— TASK DIRECTIONS —
Where the line containing "Plastic cages for" appears below, begin there and reproduce each line exactly through the last one, omitting pictures.

— PROVIDED MATERIAL —
+-------+

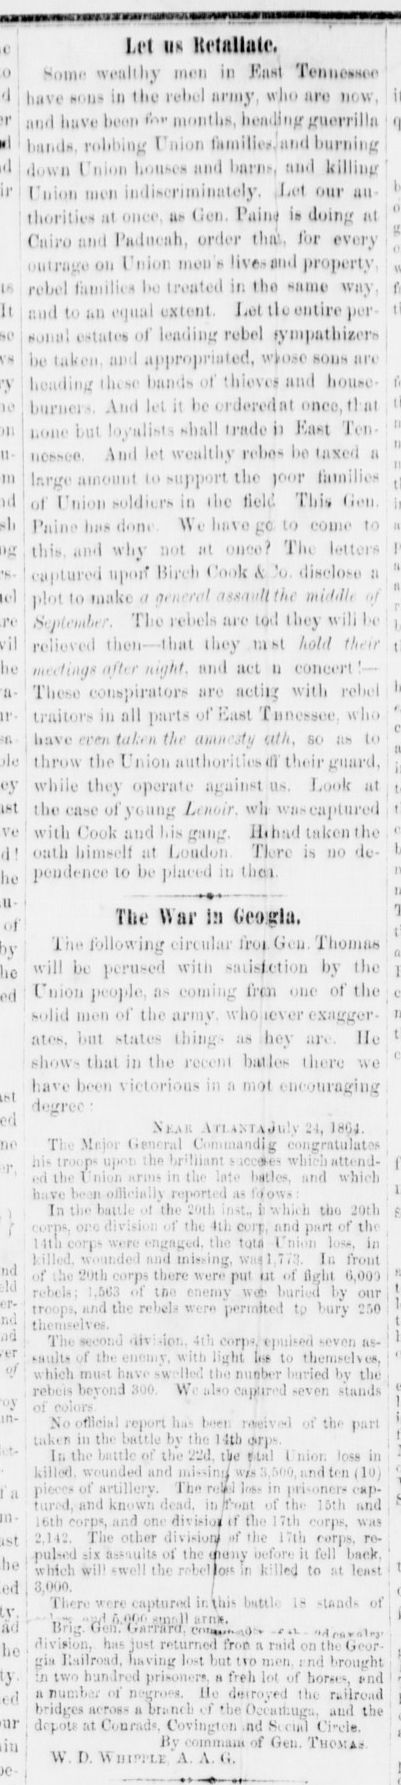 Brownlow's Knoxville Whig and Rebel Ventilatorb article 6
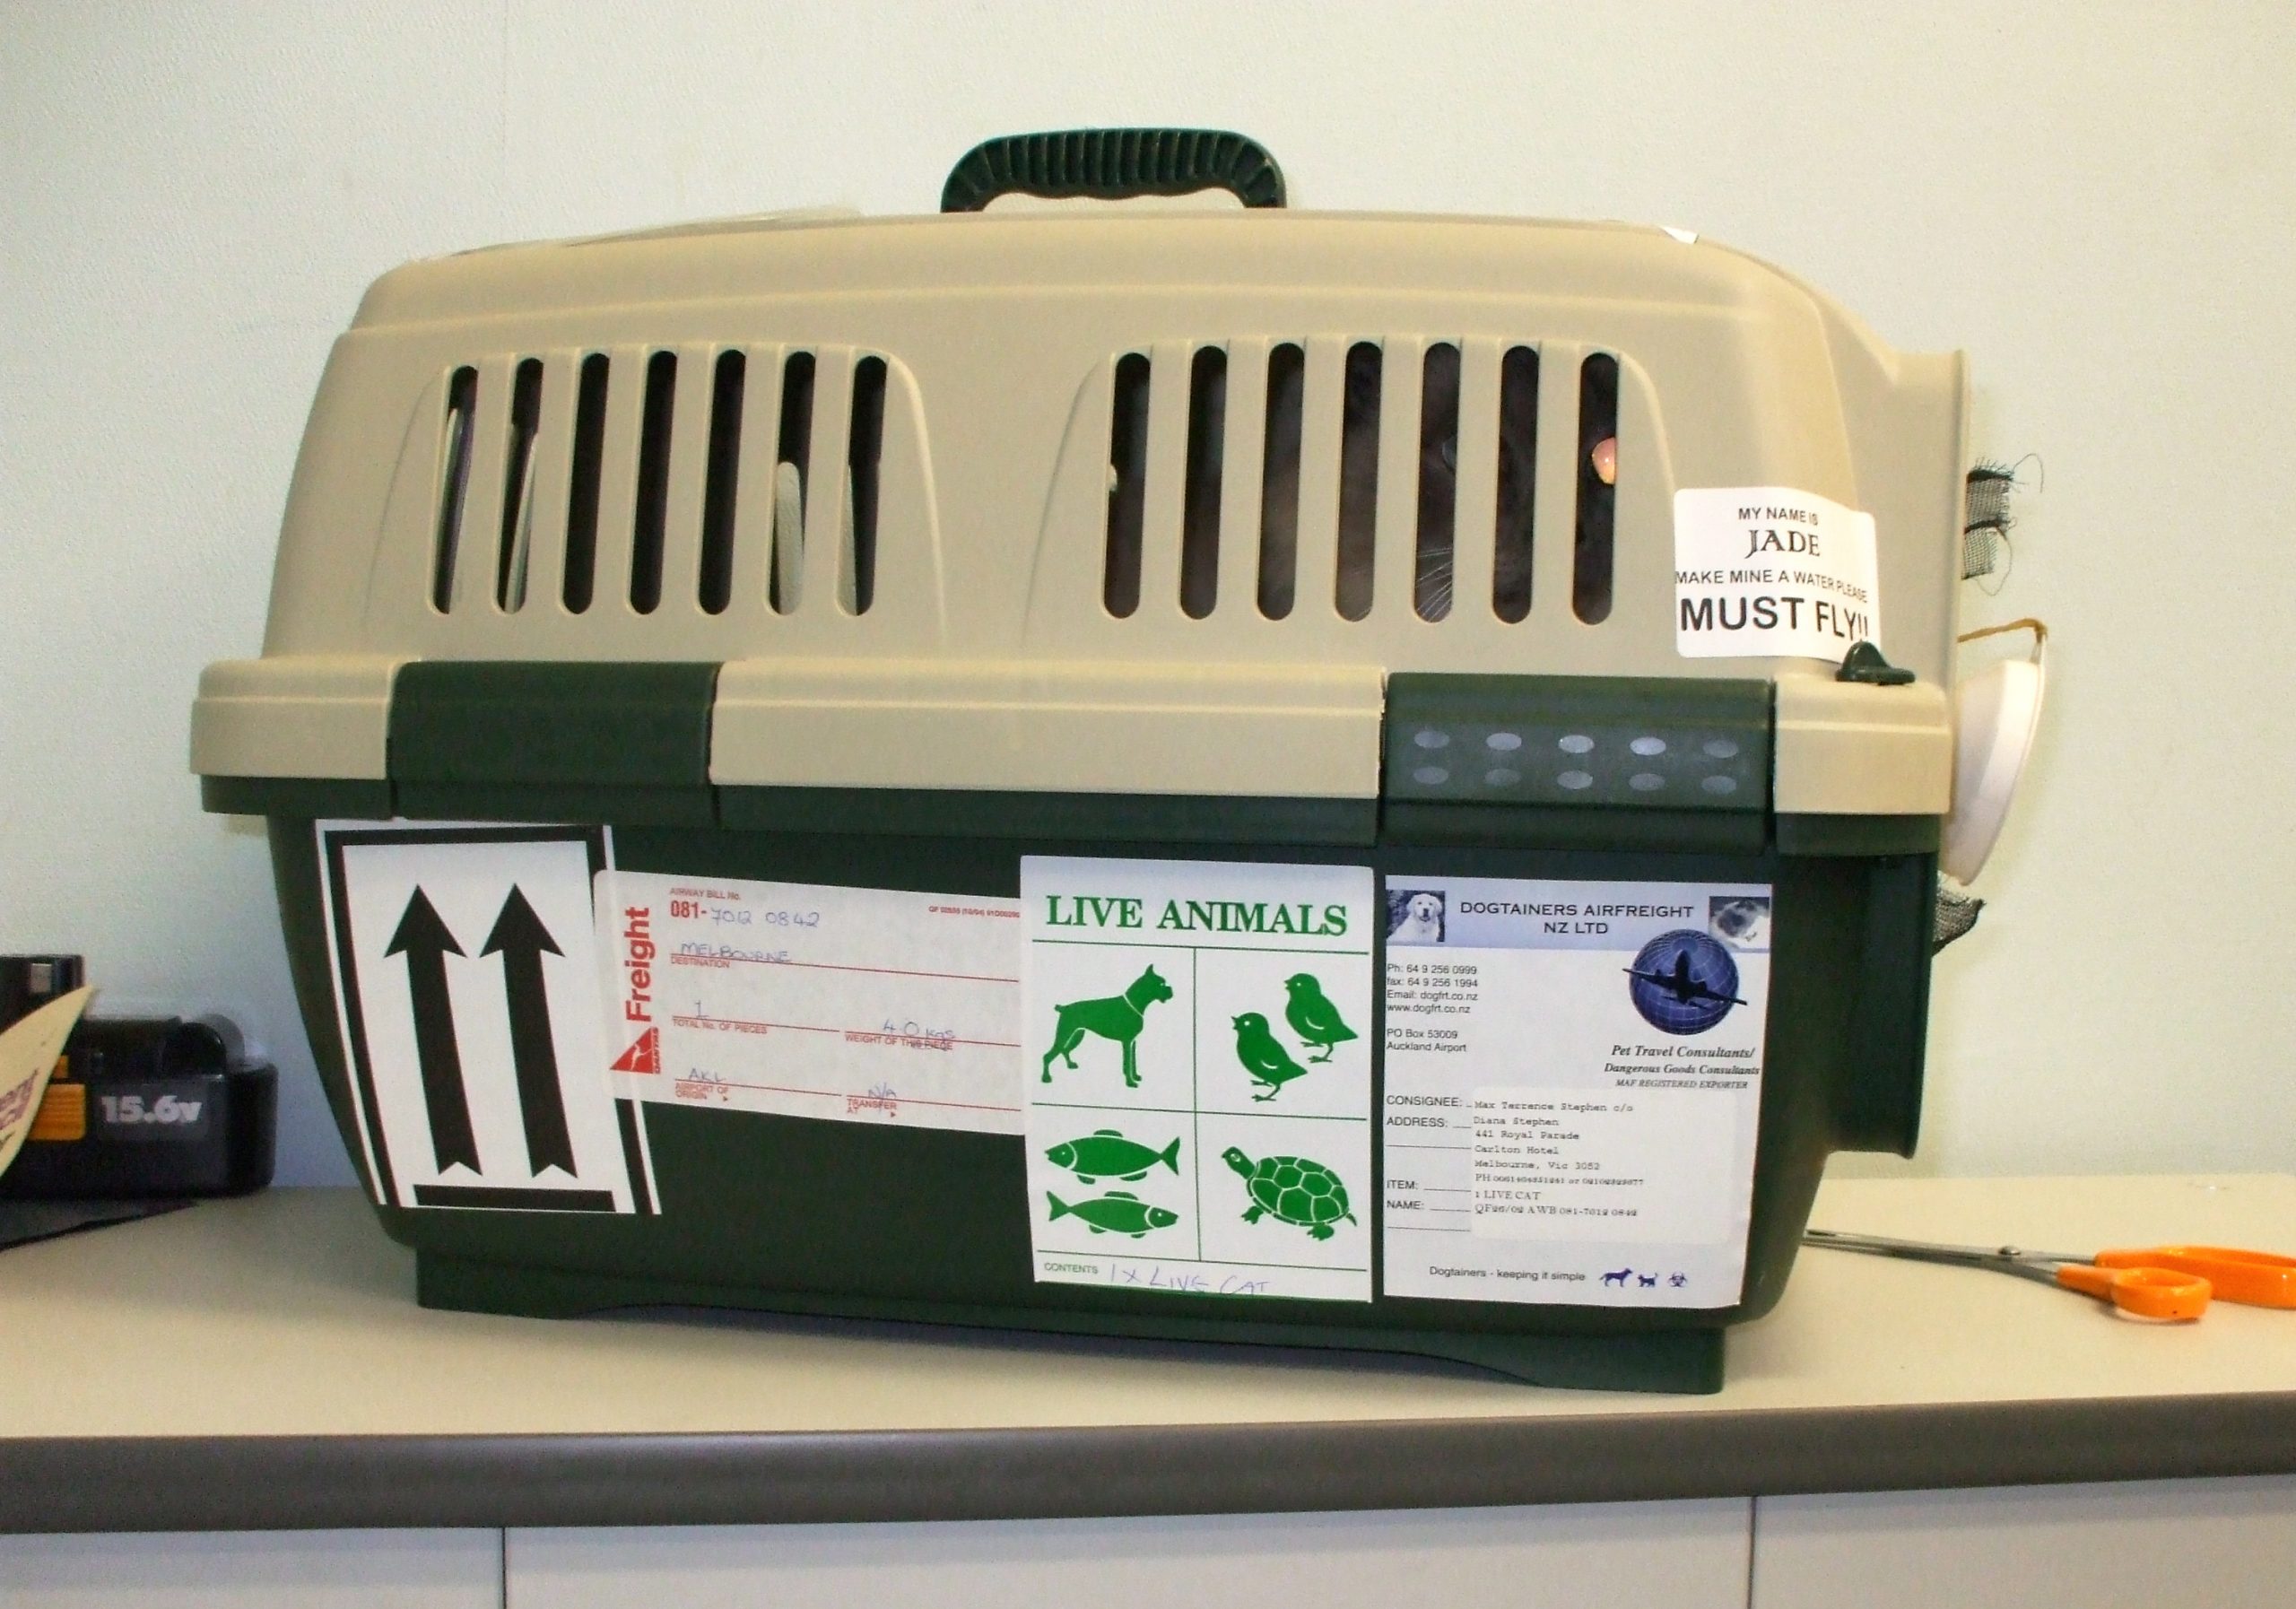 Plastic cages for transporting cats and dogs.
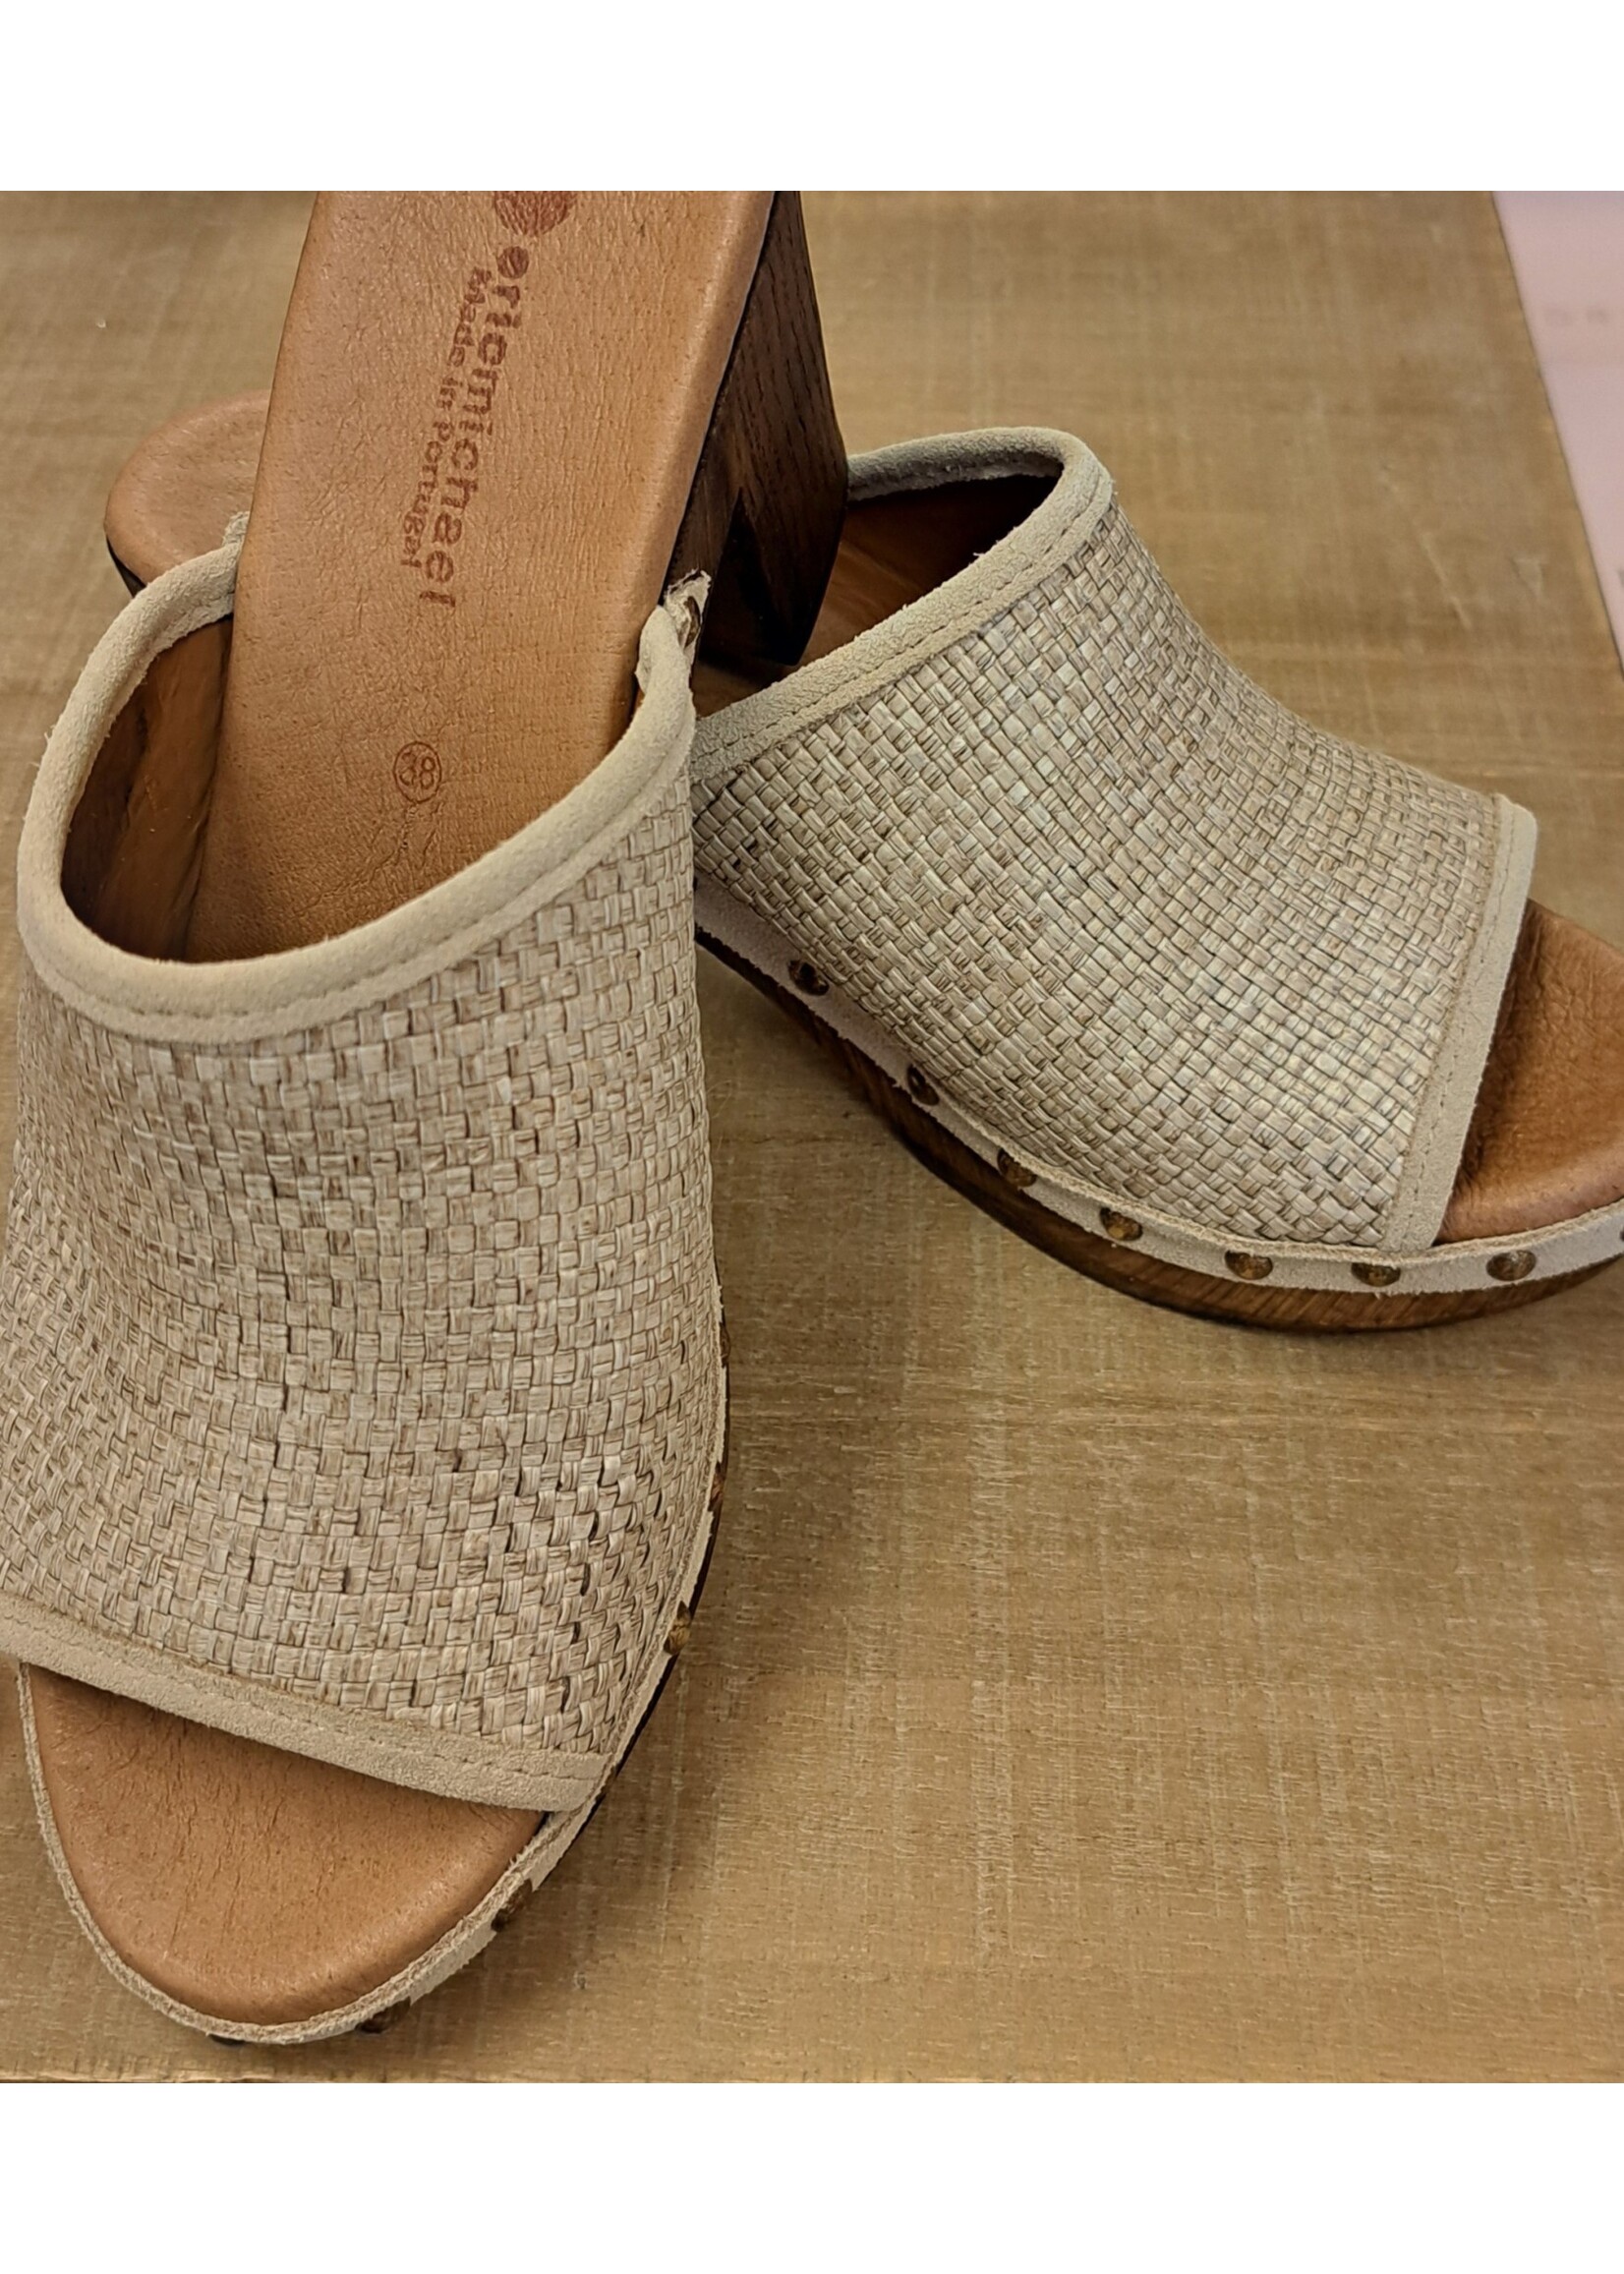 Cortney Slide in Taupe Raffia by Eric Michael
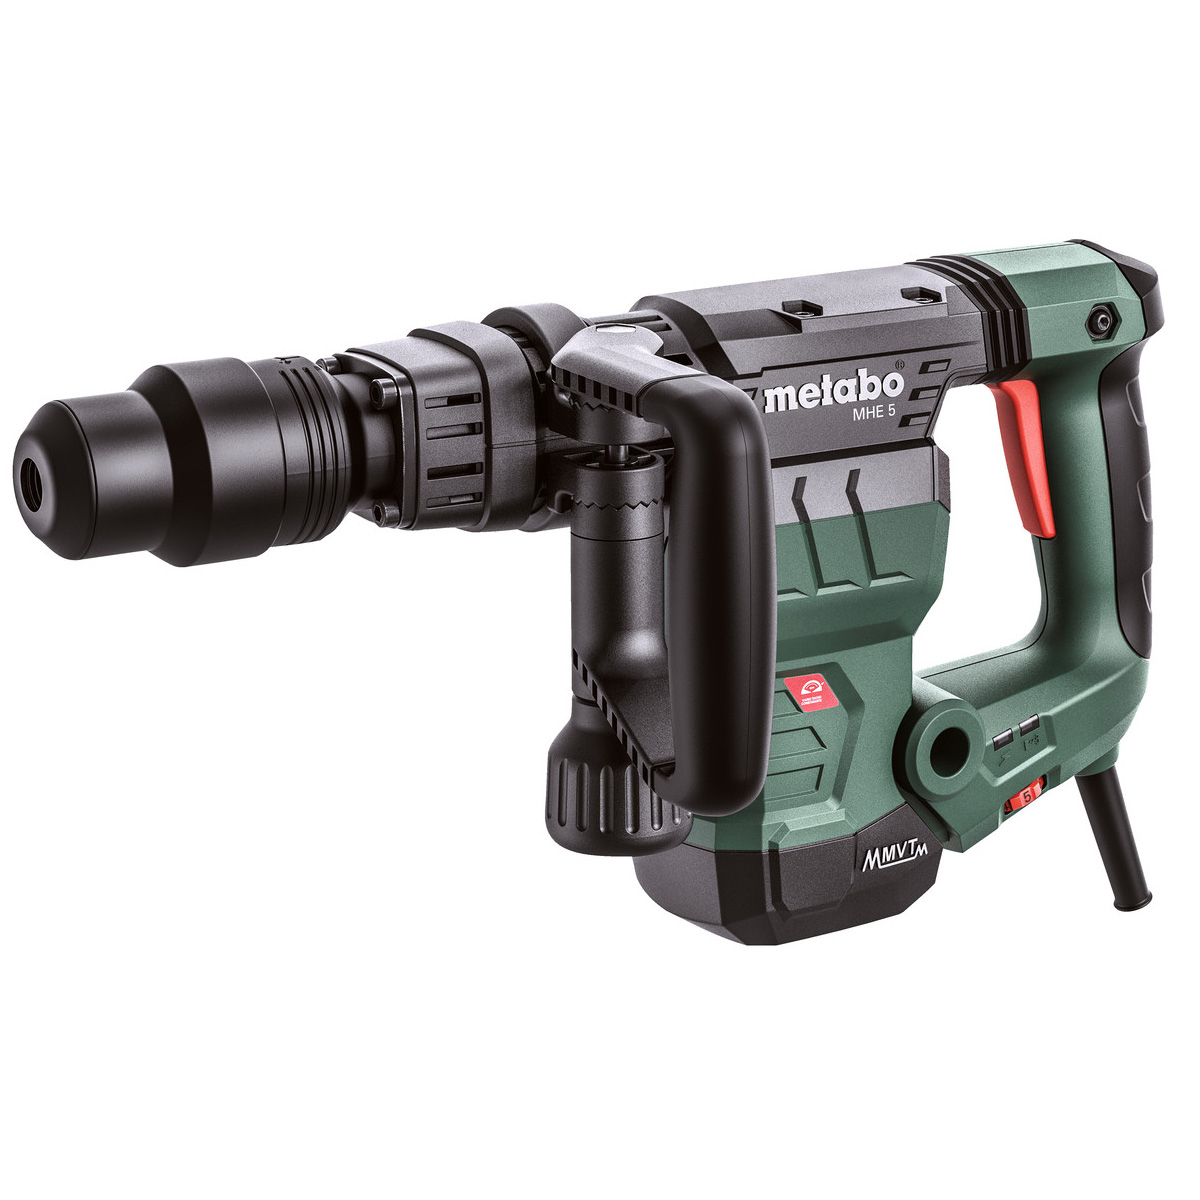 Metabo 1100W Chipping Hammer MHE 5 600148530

+-------+

— EXERCISE ANSWER —
 Plastic cages for transporting cats and dogs.
 Cortney Slide in Taupe Raffia by Eric Michael
 Metabo 1100W Chipping Hammer MHE 5 600148530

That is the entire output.